* _DATASET EXTRACT_:
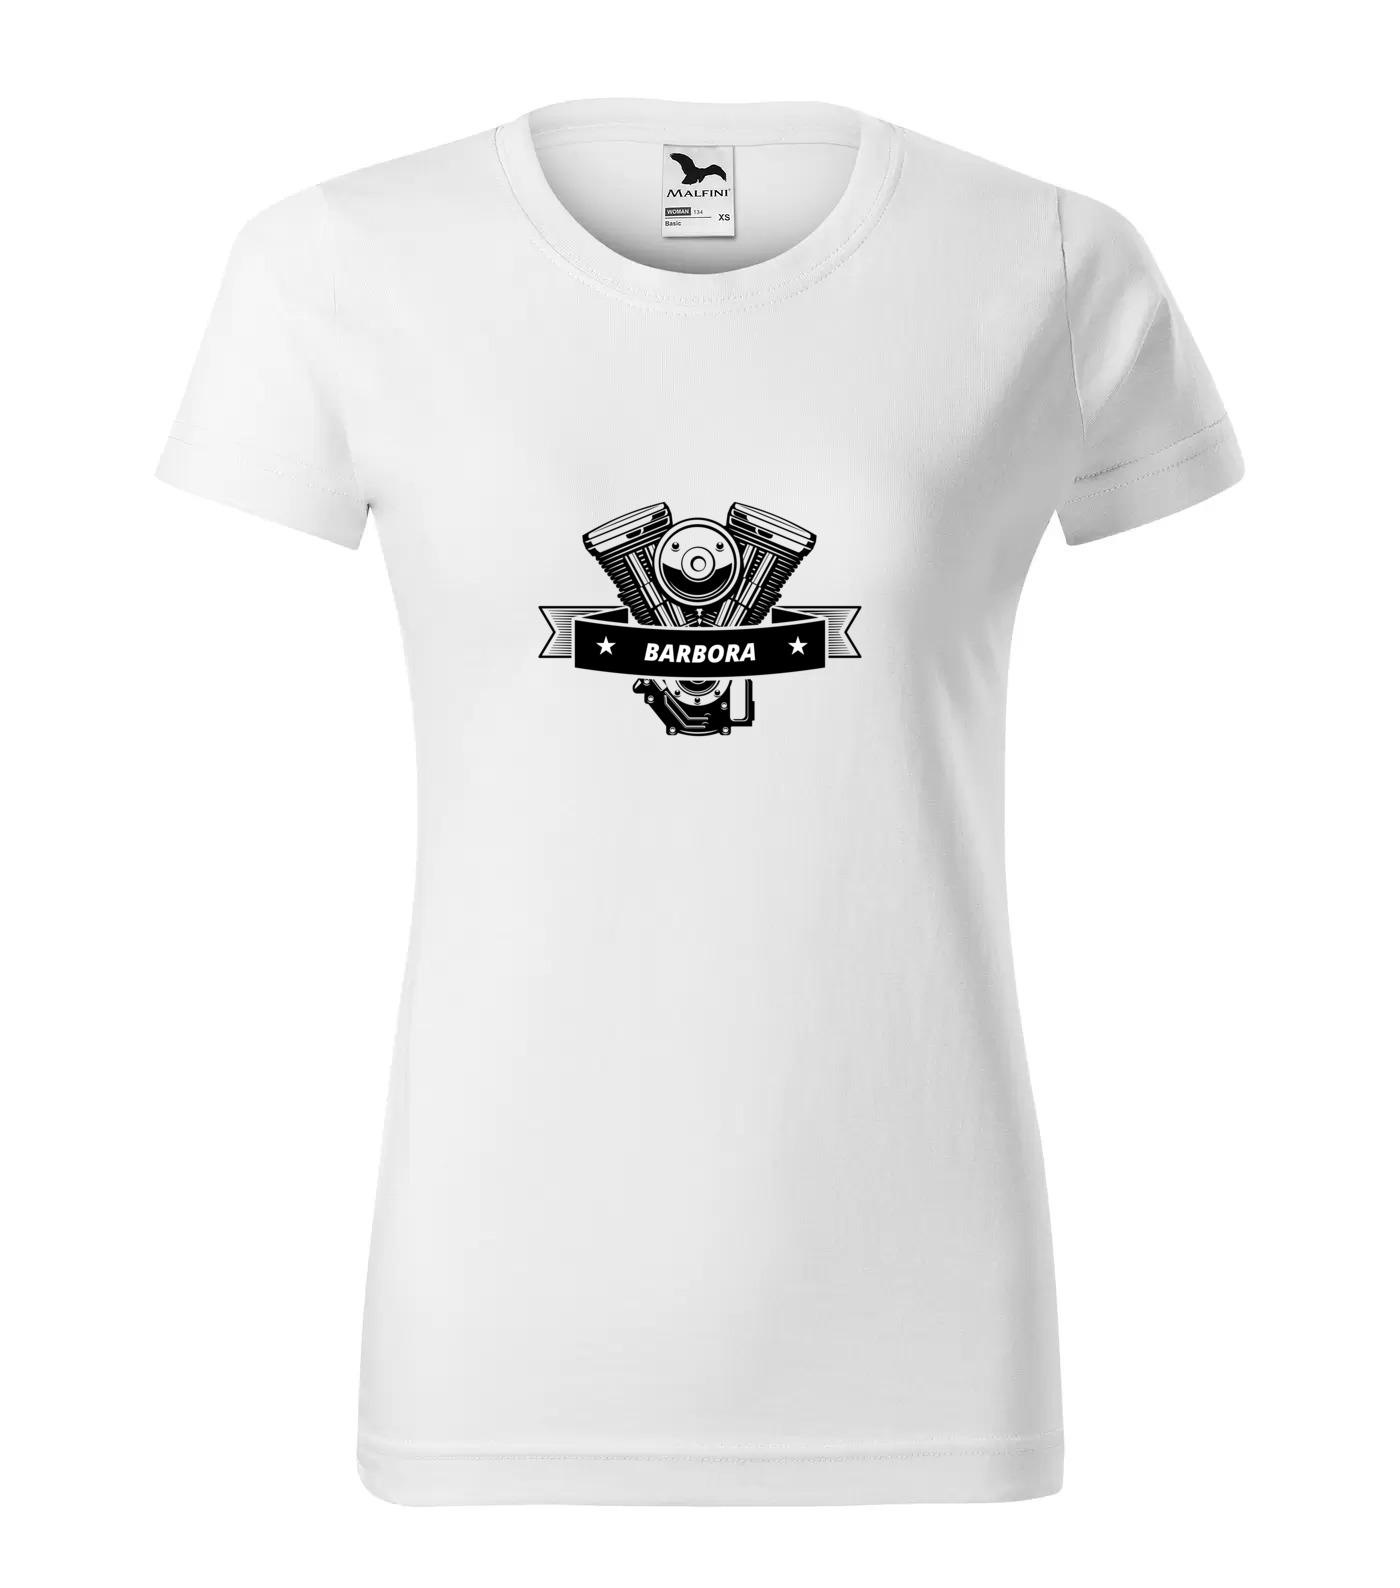 Tričko Motorkářka Barbora
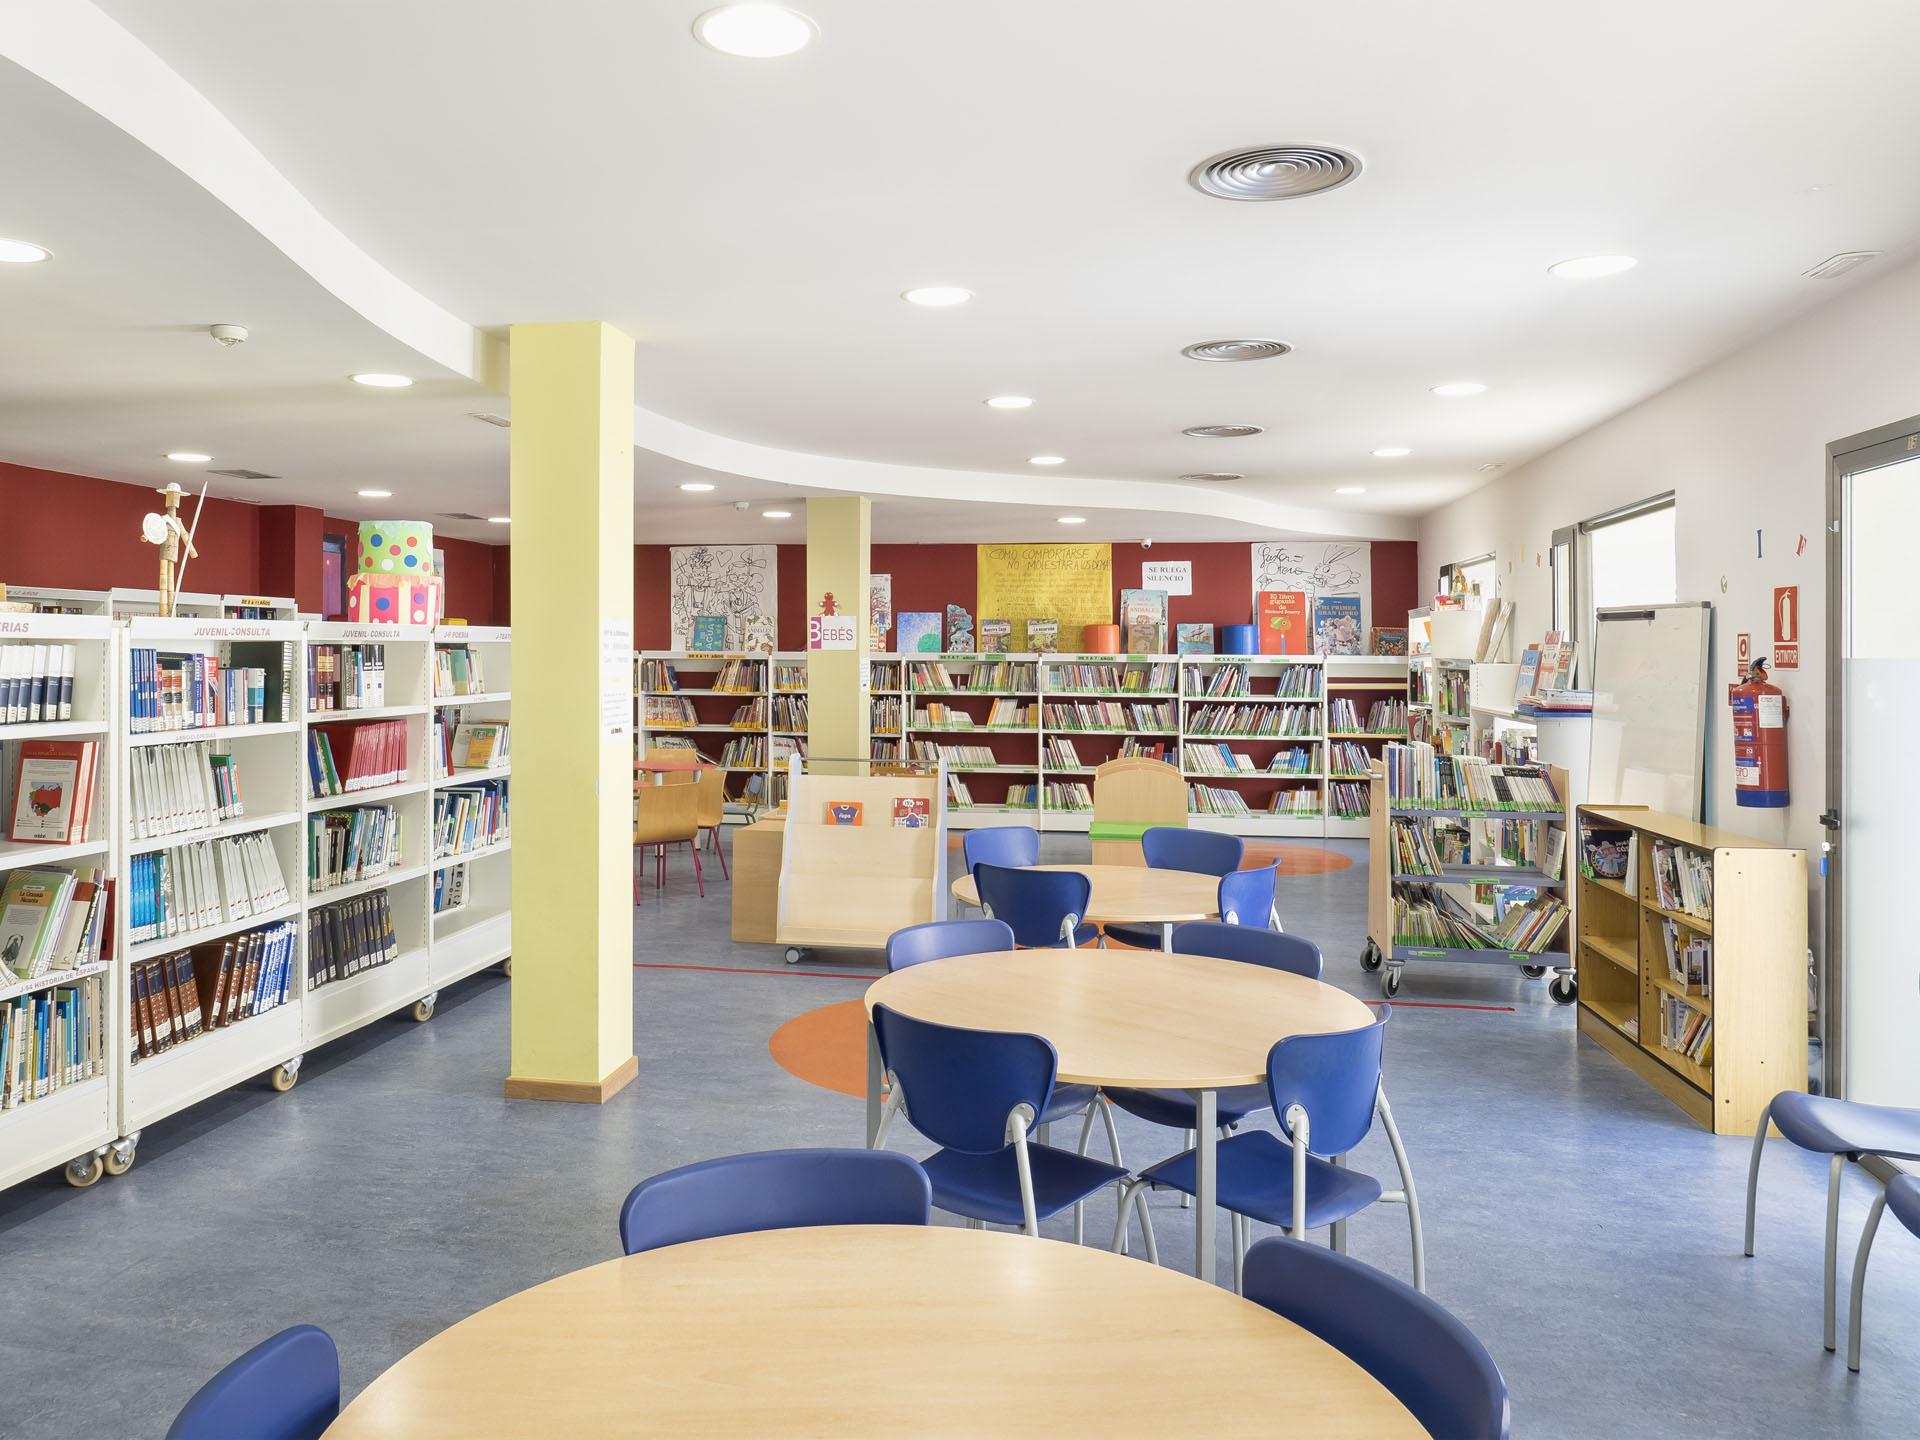 OUC biblioteca Tudela de Duero D
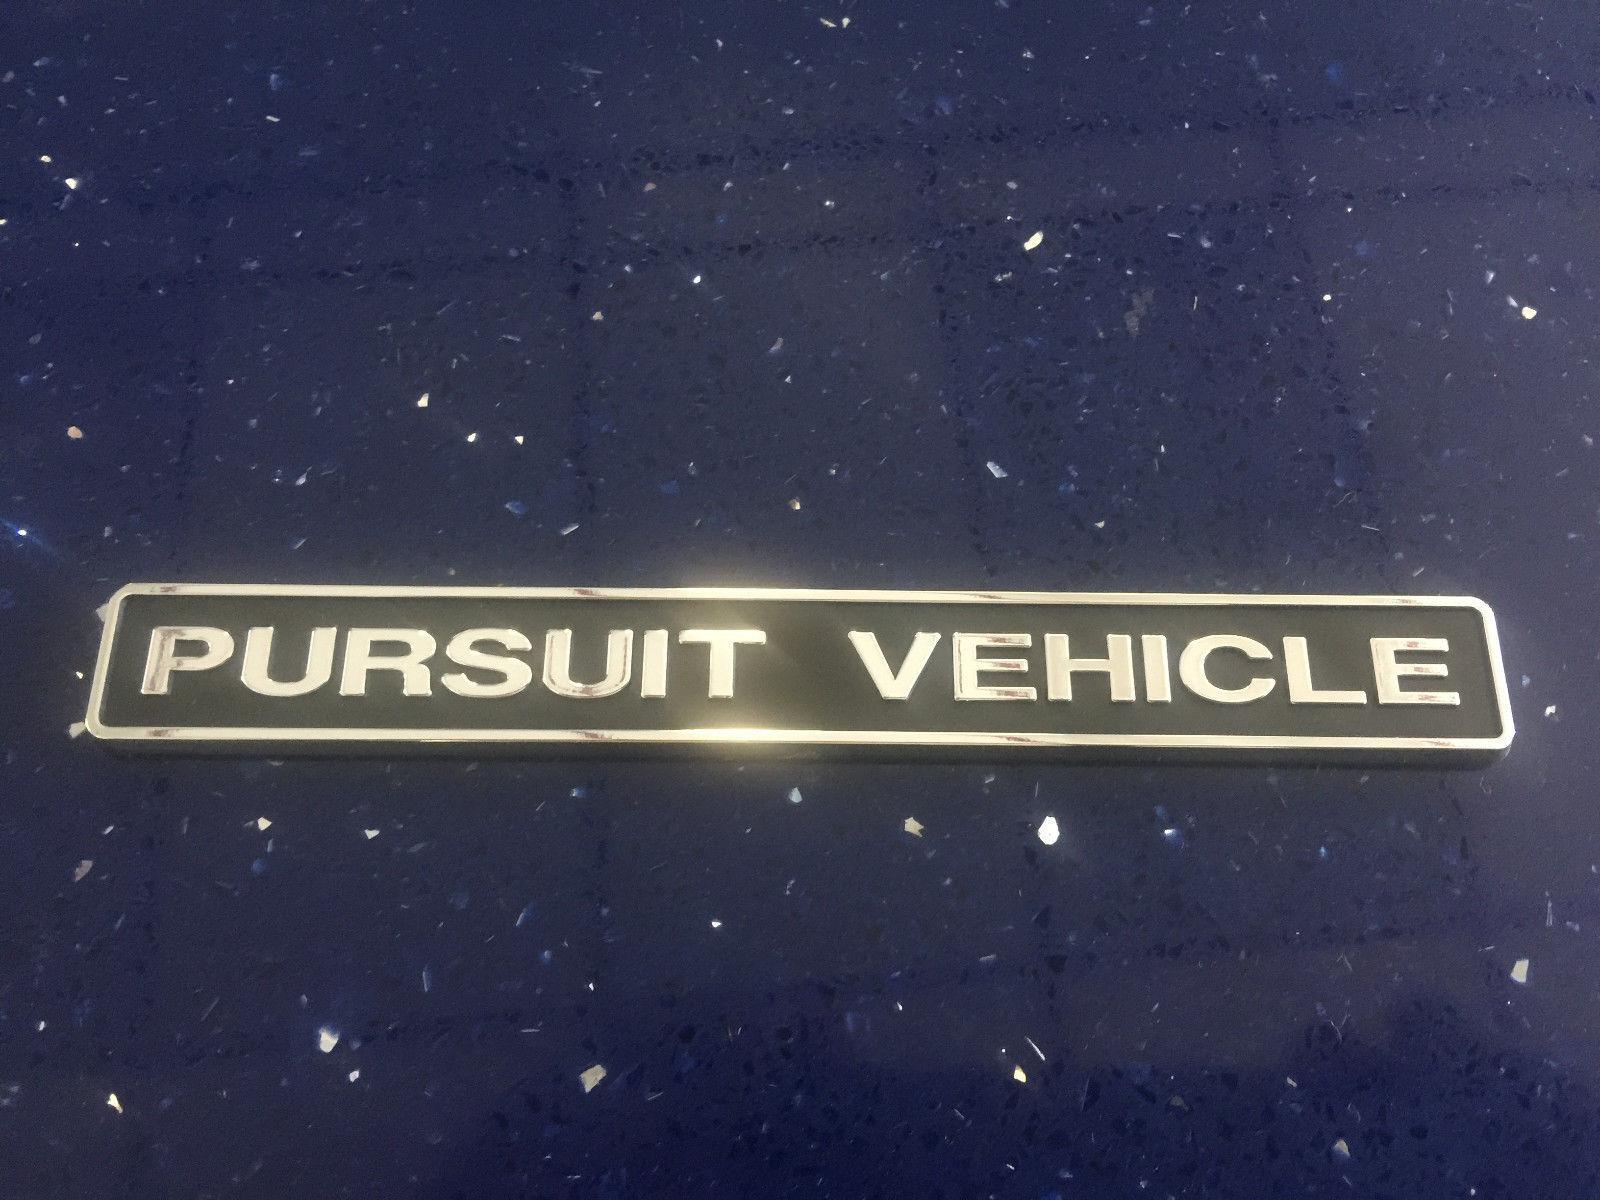 Tvr For Sale Usa >> Police Interceptor Pursuit Vehicle Emblem Hard Plastic New ...
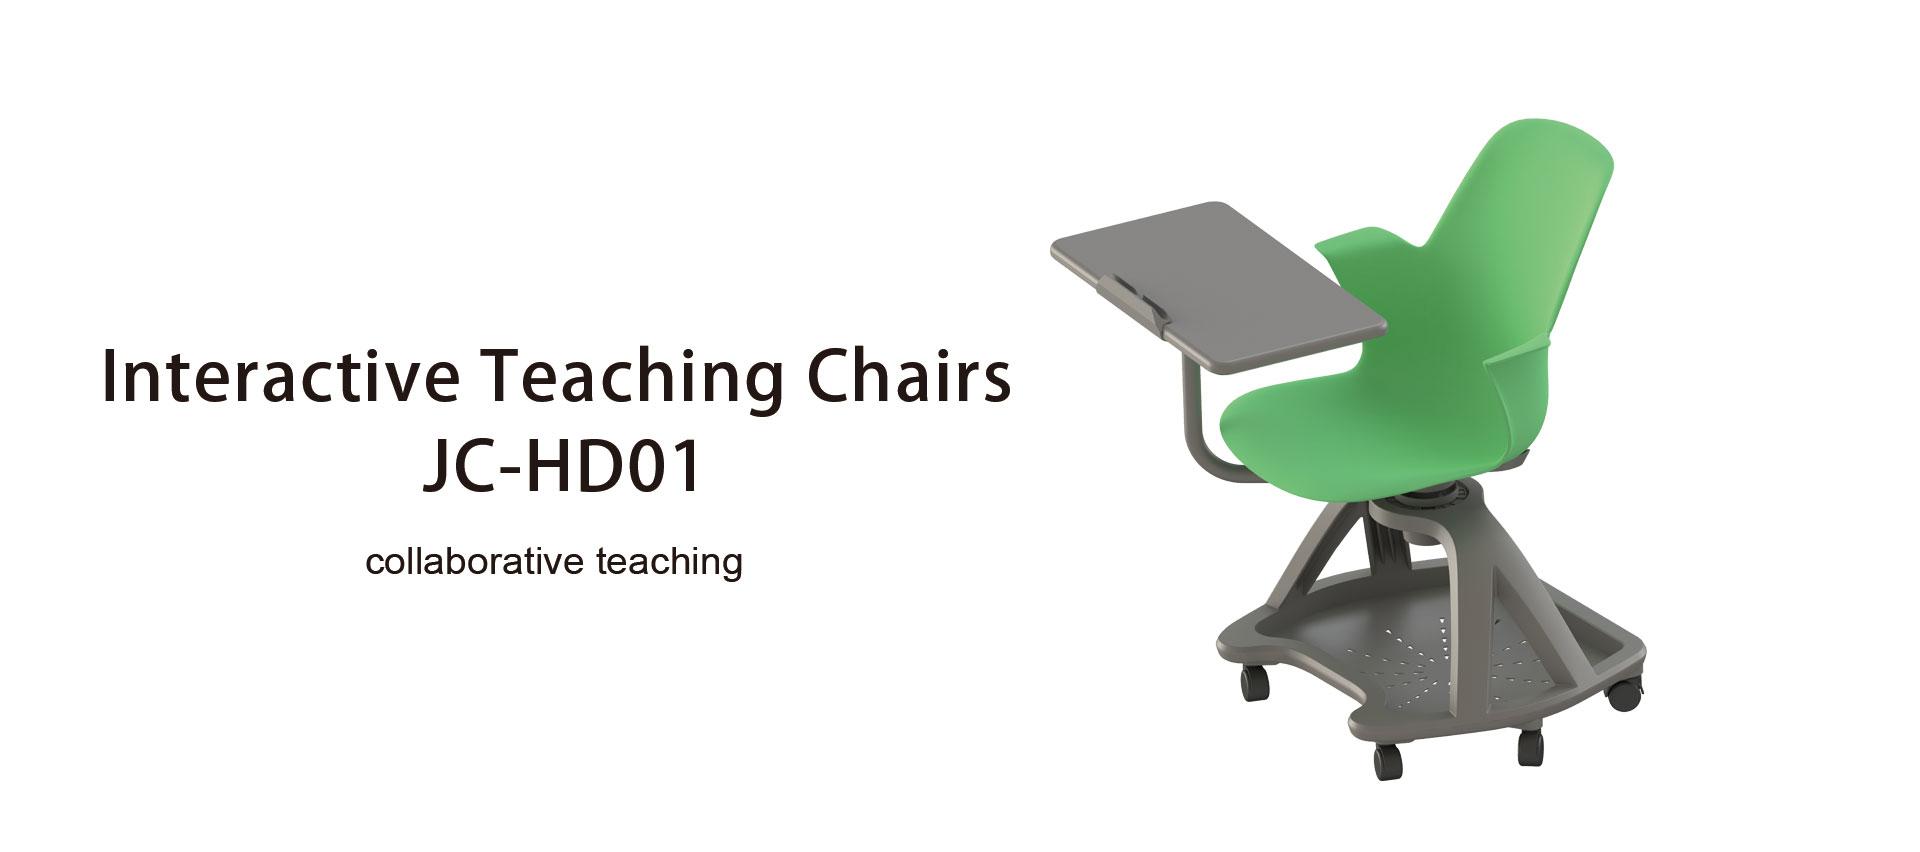 Interactive Teaching Chairs JC-HD01

* _PROBLEM TO SOLVE_:
Apart from the images, every line above is to be given again exactly.

* _COMPLETED EXERCISE_:
 Tričko Motorkářka Barbora
 OUC biblioteca Tudela de Duero D
 Tvr For Sale Usa >> Police Interceptor Pursuit Vehicle Emblem Hard Plastic New ...
 Interactive Teaching Chairs JC-HD01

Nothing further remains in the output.